A simple game playable with a single button. I then made a neural network from scratch that should learn to master the game.
I wanted the game to have a single true or false, to make the output of the network as simple as possible (a single boolean). I made a kind of flappy bird game, except that you hold the input to add more vertical force to the character, instead of tapping to jump. The obstacles are random and different every game.
The game is very easy to make, but I didn't realize that I had to have a kind of speed up process before trying the network on it. In the first version of the game, it was running based on the Unity Update function, which works great for a game made for humans. This game however needs to be playable by the computer as fast as possible, without wasting time updating the sprites on the screen. So I remade the game, this time with my own update function, that waits for the screen to refresh or not, depending on whether a human or the computer is playing.
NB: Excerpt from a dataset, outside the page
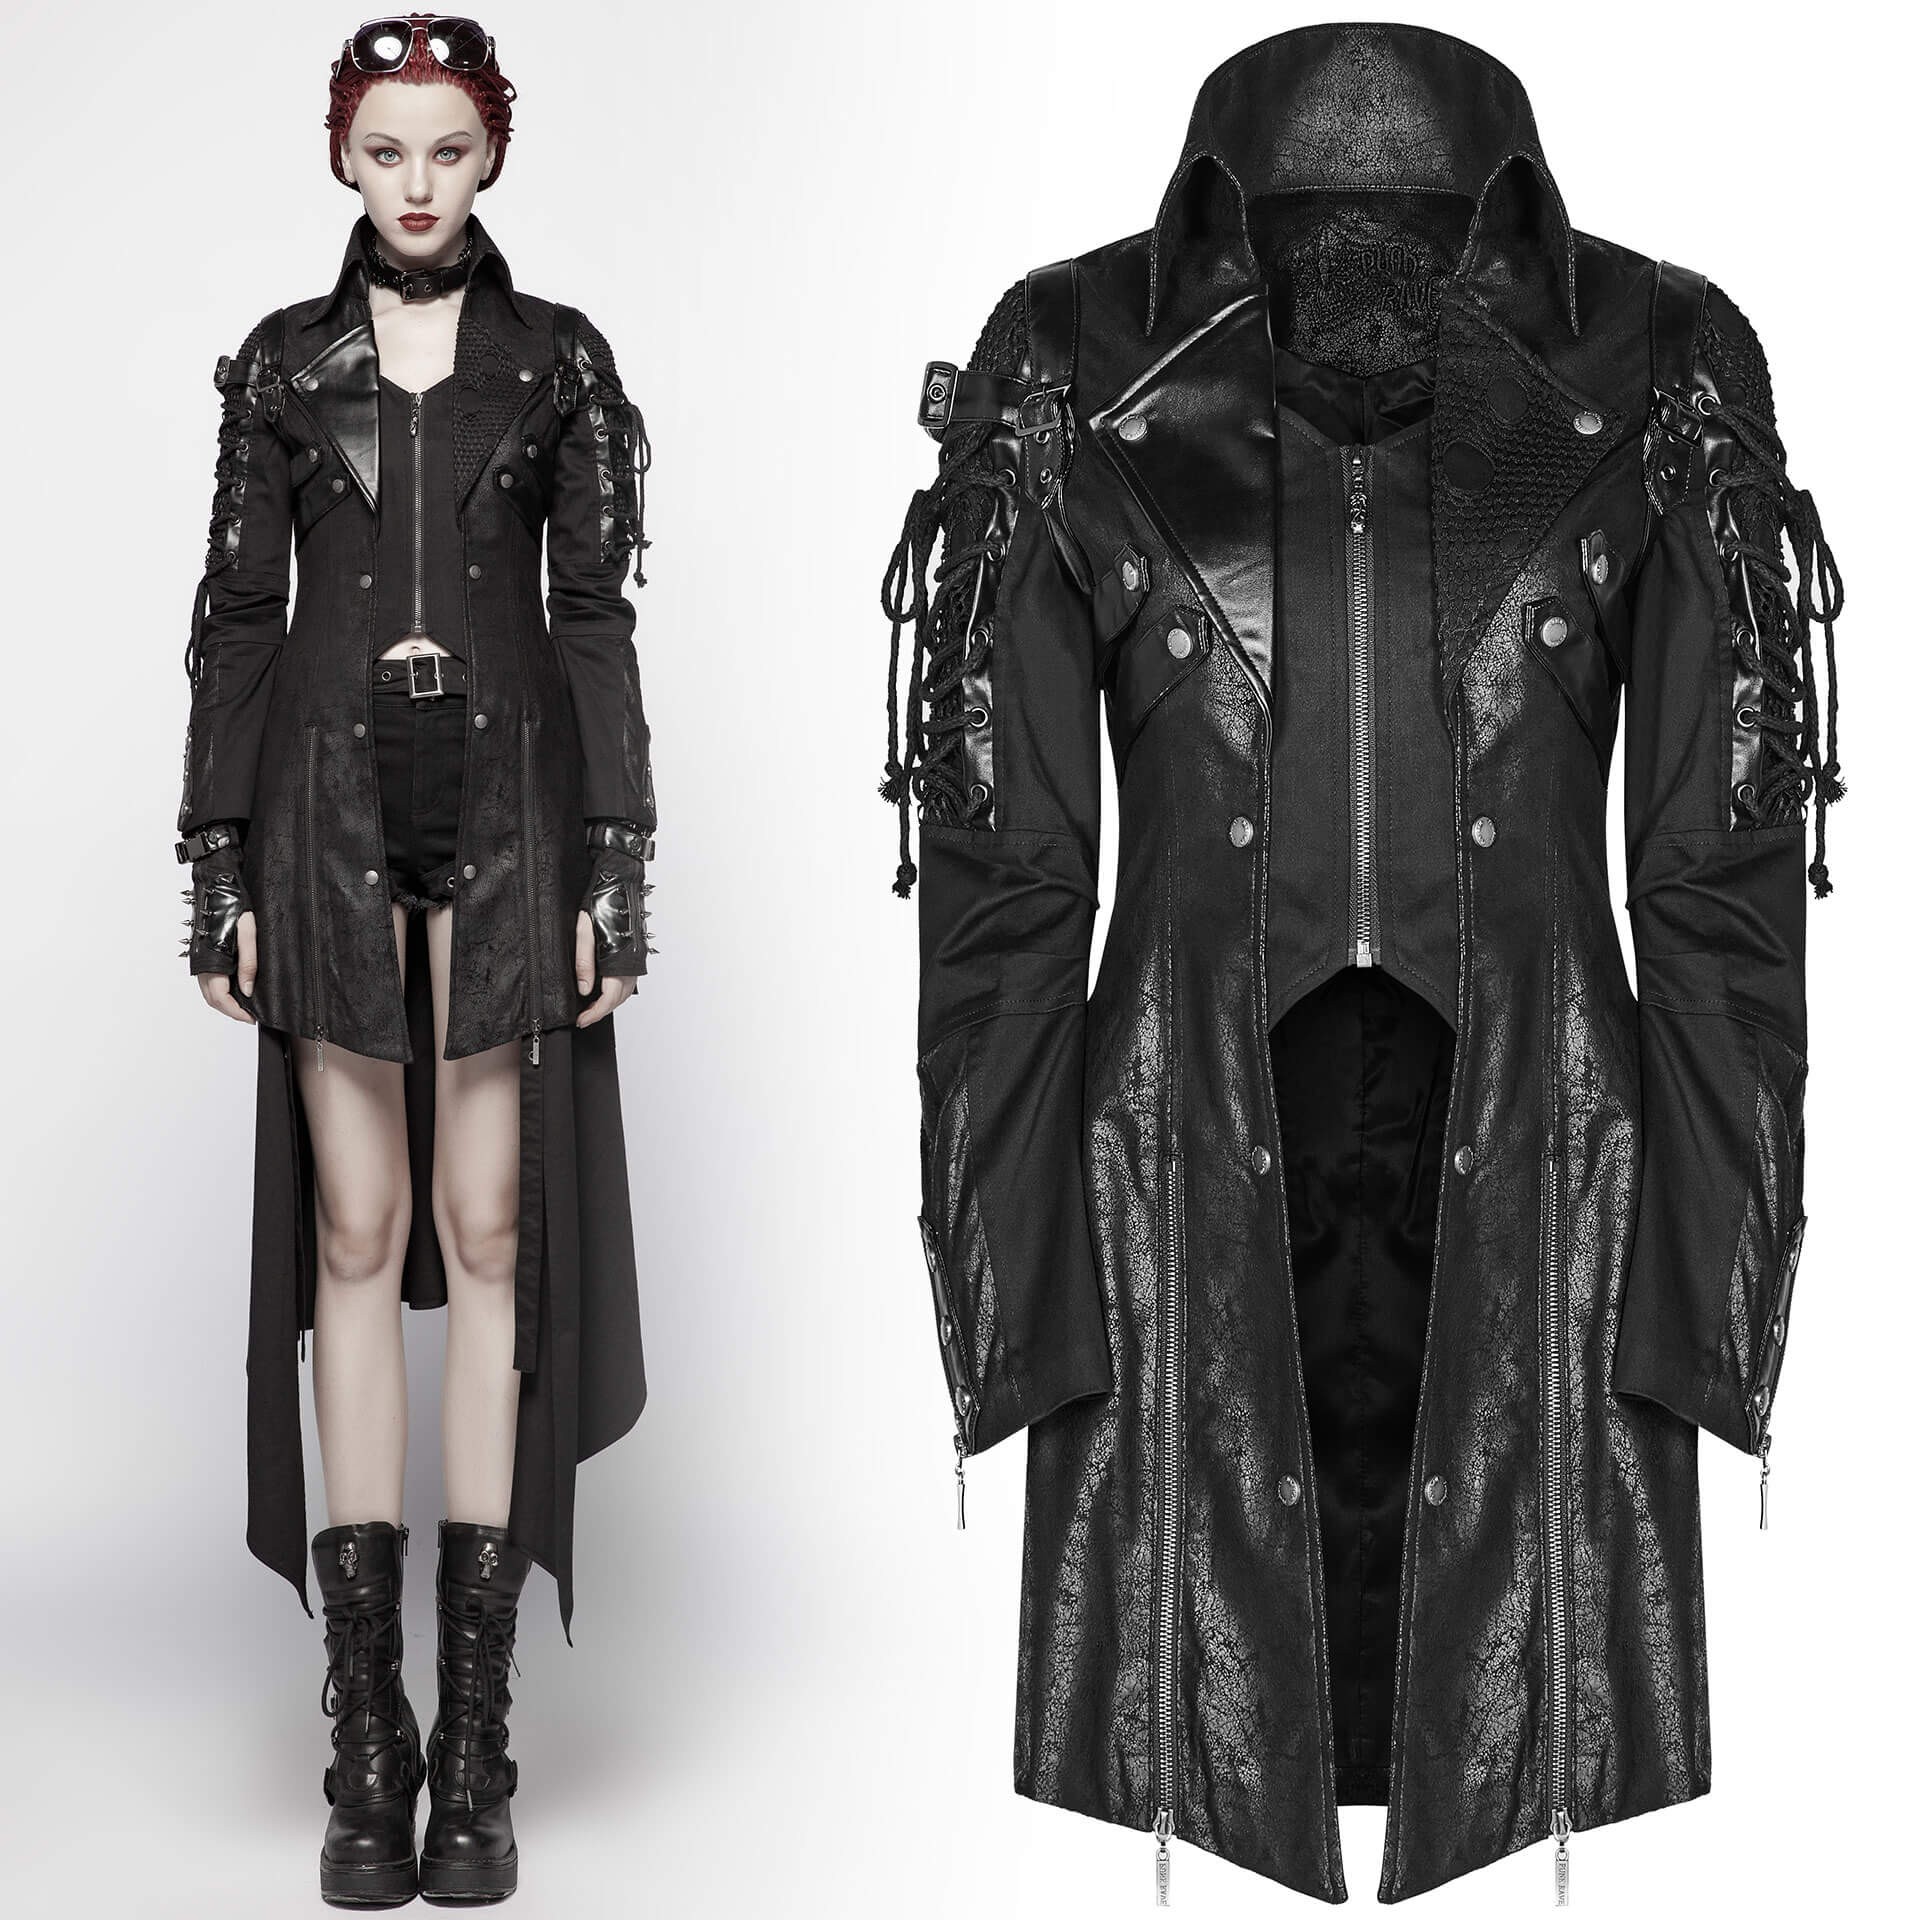 https://www.e-gothiczone.com/43783/poisonblack-gothic-style-women-s-jacket-by-punk-rave.jpg

I made my own neural network based on general explanations of the concept, so by figuring things out by myself I could better understand how it works at its core. The resulting network may not be optimized in any way, but it worked pretty much first try and runs fine.
The network can have a variable number of layers and neurons by layer. I used a step as propagation function, since my game is really simple and linear.
I used a very intuitive genetic algorithme for training. As for the network itself, I tried making my own thing based on my understanding of the concept. I simply applied the natural selection and evolution processes to my network.
The algorithme first starts by making a pool of random individuals (random neurons' weigths). Each individual plays the game and get a score (stay alive time). The individuals that scored the lowest are killed (natural selection). Some of the survivors are mutated at random (some of their weights are modified), then the breeding process replace the deads by new children. To create a child, two random individuals are picked, and each weight of the child is taken from either one of the parents at random. From there it loops back to the beginning and make the individuals play the game again, until one individual reach the target score.
To detect the obstacles, the ai takes in inputs a bunch of raycast at different angles in front of it. The value returned by the raycast and taken as input by the ai is the distance of the obstacle in this direction. This way, the ai doesn't "cheat", it doesn't know where the gap in the obstacles is exactly, it can see as a human player would.
It tooks 600 generations on a population of 500 to obtain an individual that could play the game perfectly. That's ~4 hours on my (slow) computer. This could be improved with a better training algorithme, better settings (size of population, mutation rate etc.), a smarter scoring system (when the individuals are getting better at the game, it takes more time for them to loose so it slows down the process), or by running the training on the GPU instead of the CPU.